Way Funky Company Pty Ltd
- Type: Private
- Industry: Apparel industry
- Founded: 2002
- Founder: Duncan McLean
- Headquarters: Australia
- Area served: Worldwide
- Products: Swimwear; Sportswear;
- Website: www.wayfunky.com

= Way Funky =

Swimwear company in Victoria, Australian

Way Funky Company Pty Ltd (or Way Funky) is an Australian swimwear apparel manufacturing company based in Victoria, Australia. It was founded in 2002 by Duncan McLean, and specializes in colorful chlorine resistant sports swimwear. The company also produces competitive swimwear approved by FINA.

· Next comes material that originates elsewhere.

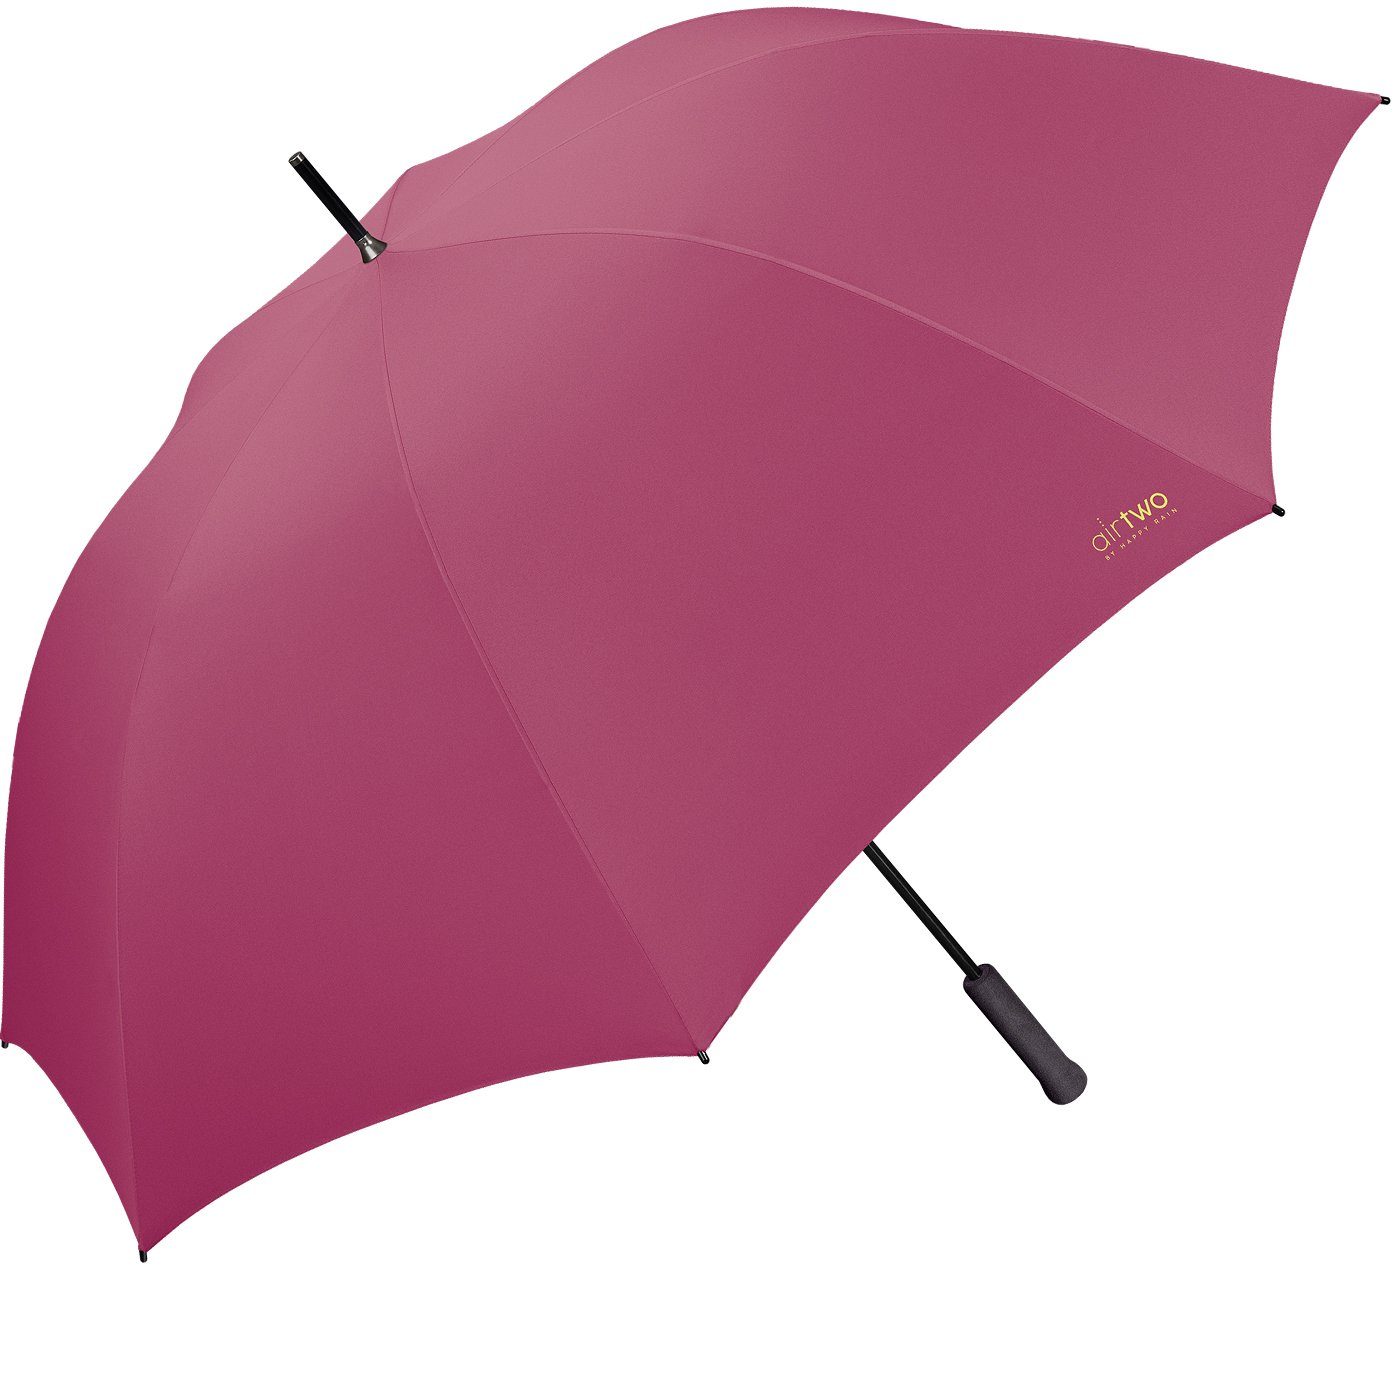 Two Gramm 262 super Partnerschirm, leichter - Air pink RAIN Zwei er wiegt HAPPY für nur Platz Golfregenschirm XXL genug mit

Way Funky manages three distinct brands of swimwear: Funkita for ladies, girls and toddlers; Funky Trunks for men, boys and toddlers; and Kiargo, a separate fashion line for women.

== History ==
Funky Trunks was launched in 2002, Funkita in 2004 and Kiargo in 2006.

== In the media ==
Way Funky signed a deal with Australian male model Craig Barnett in 2007 and was one of the first major brands to sign a major deal in March 2010 with an openly gay athlete, namely the Australian Olympic gold medalist diver Matthew Mitcham. Mitcham was announced as the new face of Funky Trunks. He will appear globally on advertising campaigns across Australia, Europe and the United States as the brand rapidly expands into international markets. He is also spokesman and "swimwear ambassador" for the brand.